Yes, the Variegated Flutterer female’s transparent tips break its actual dragonfly profile to disguise itself as a butterfly. Its slow butterfly-like flight habits further accentuate its mimicry, which it must be using for good effect to catch insect prey fooled into thinking it is a butterfly when in fact it is a dragon in disguise.

The butterflies which inherit poisonous bodies due to their larva feeding on poisnous food plants; such as the ones in the sub-family Danainae are generally slow in their flight habits in order to adequately advertise their danger to potential predators who can have a good long look to avoid an unpleasant meal. Those butterflies with no such poisonous bodies, which mimic the poisnous models in their general colouration, also copy the slow flight habits of the models to appear intimidating just as the poisnous models so confidently do.

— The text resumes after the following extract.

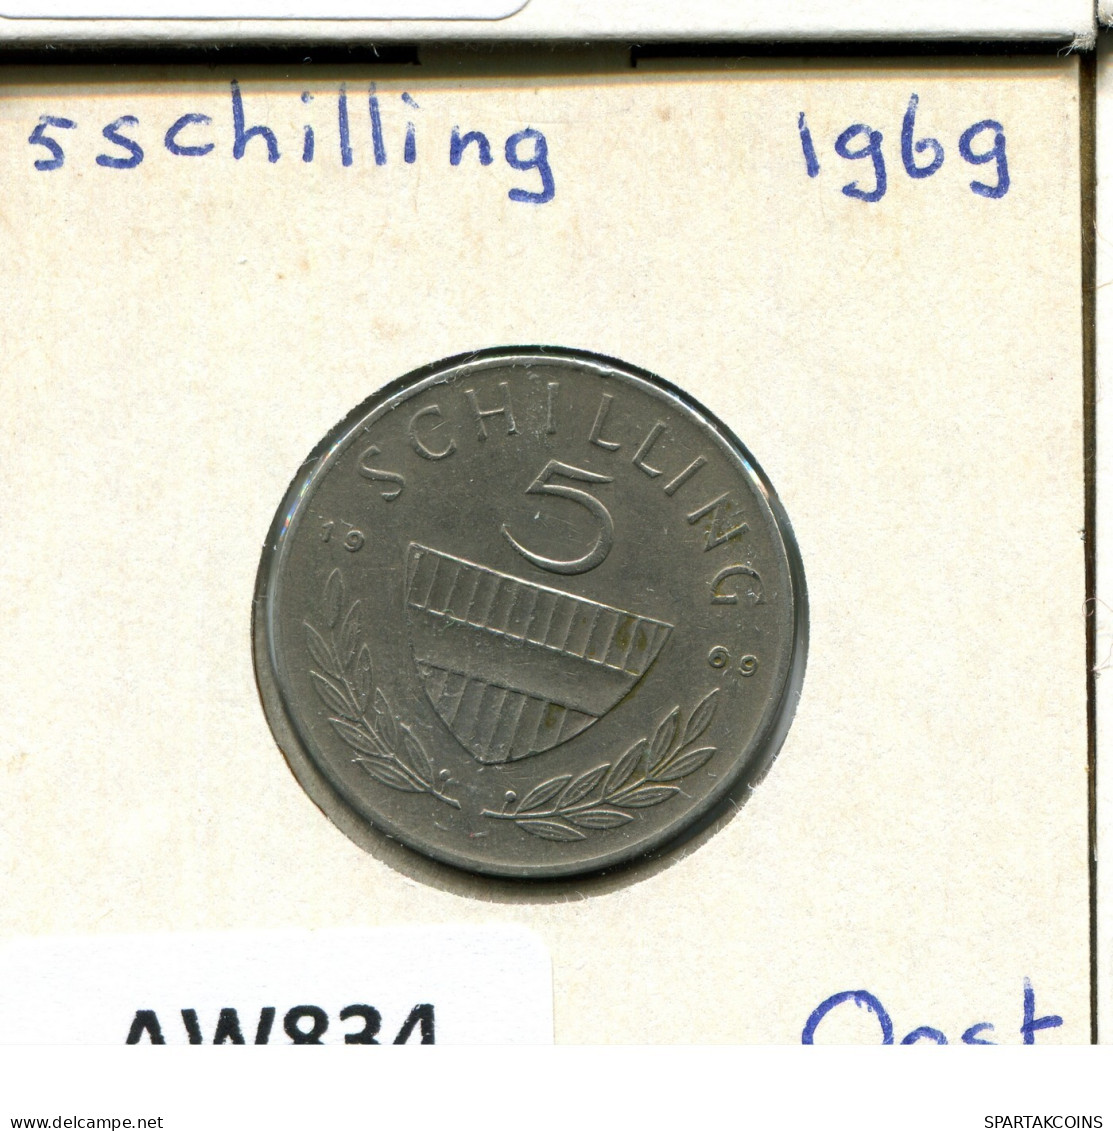 5 SCHILLING 1969 AUSTRIA Coin #AW834.U.A - Austria
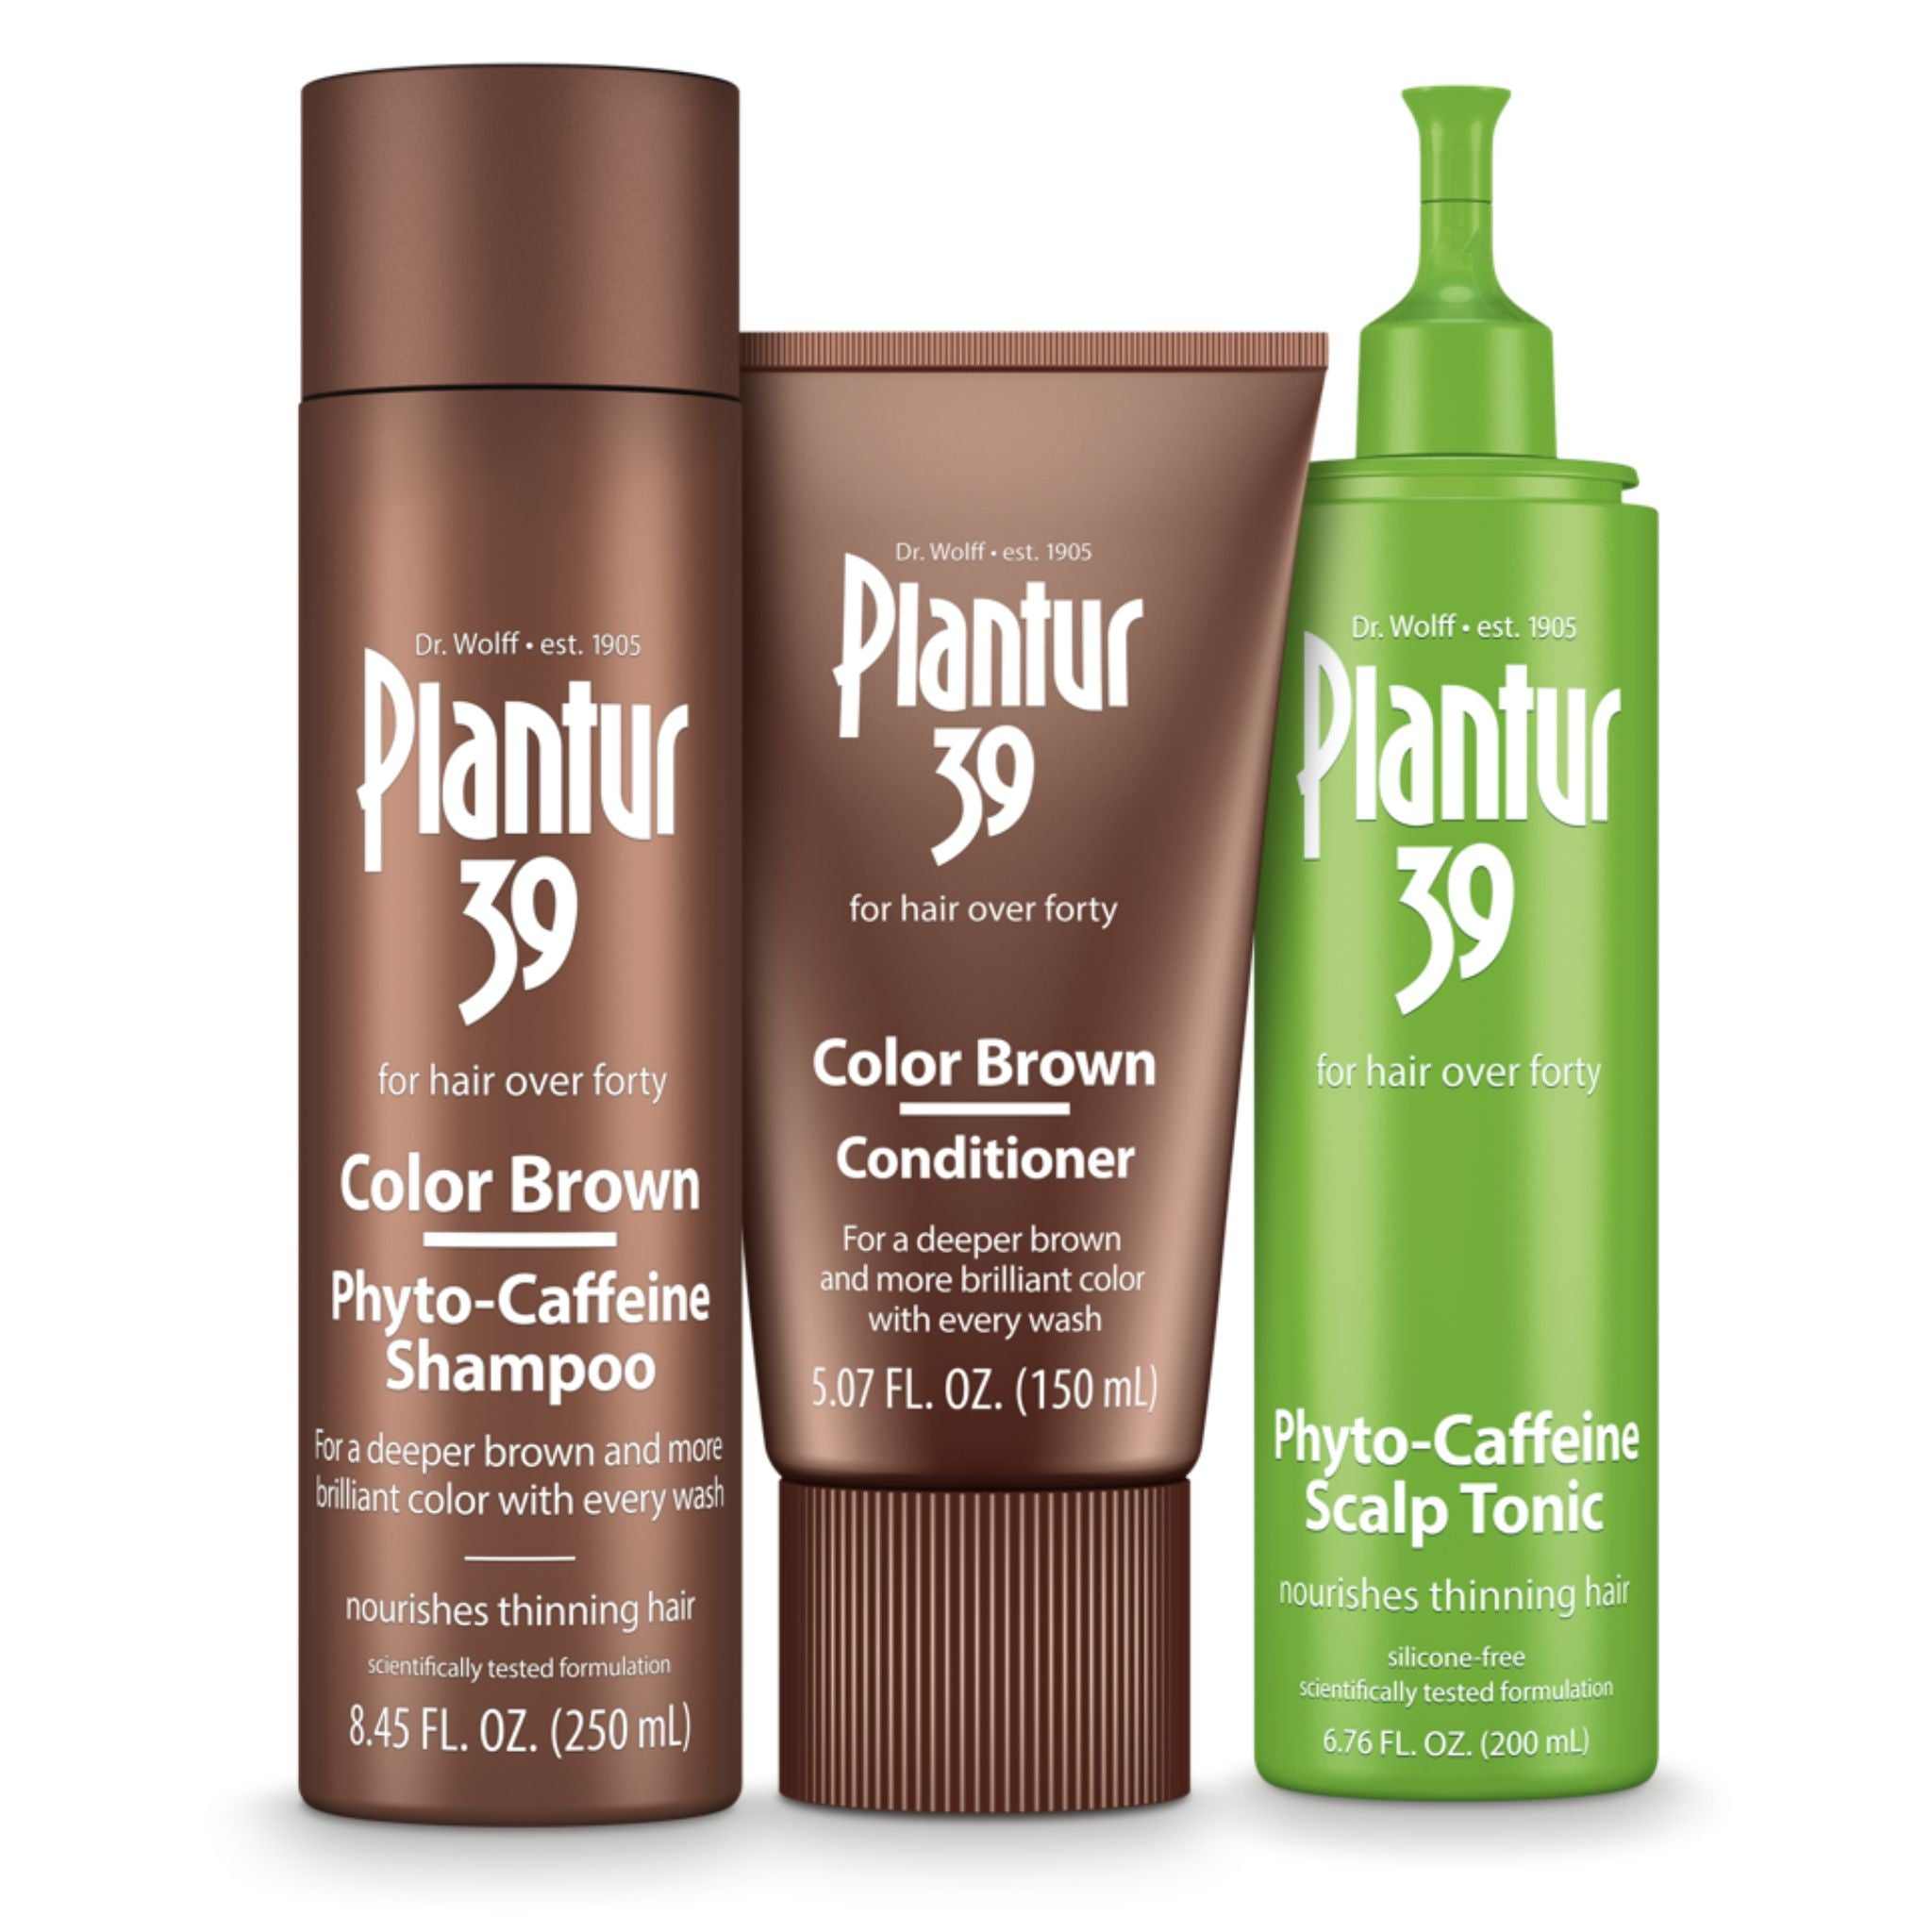 Plantur 39 Color Brown Shampoo, Conditioner, and Tonic Set

I think in slow flight habits Variegated Flutter too may be employing such a strategy to fool its potential predators that it is actually a ‘slow and confident’ nasty one rather than a ‘fast and nervous’ eatable one.

Talking about mimicry, yesterday I stumbled upon a 'gem' in my home garden perfecting this art. And that particular case of mimicry has not been described by anybody. I am trying to write it up to a more formal publication first. Await the fullness of time.... (just as Sir. Humphrey Appleby would say)

Sandpiper (Lin) said...

These are wonderful close-up shots of some very pretty subjects, Amila! It's making me want to get out with my camera today, but the weather is brutally hot. We'll see. :-)

ST said...

Can't think of the words, too much jealousy, getting in the way.;-)

Amila Salgado said...

Hi Lin,
I haven't gone on a proper trip for days...but I that will change this month. Sounds like it very much the summer over there. Have a good shoot!

Hi ST,
hehe..I will take it as a compliment so, thanks! A bird report is long overdue here but these critters are keeping me busy, which I know you don't mind.

Doug Taron said...

Great dragonfly photos. We tried putting dragonflies from the US and Malaysia into our butterfly exhibit here in Chicago. It didn't work well- they flew to the ceiling and stayed there. Because of its flight pattern, I wondered if Rhyothemis might not have done better. Unfortunately, we were never able to work with that species. Nice blog.

Amila Salgado said...

Hi Doug,
Bruce had told me about you and your blog and I am glad that you dropped by. Interesting to hear how the said dragons behaved in the exhibit. Rhyothemis would be interesting one to try out.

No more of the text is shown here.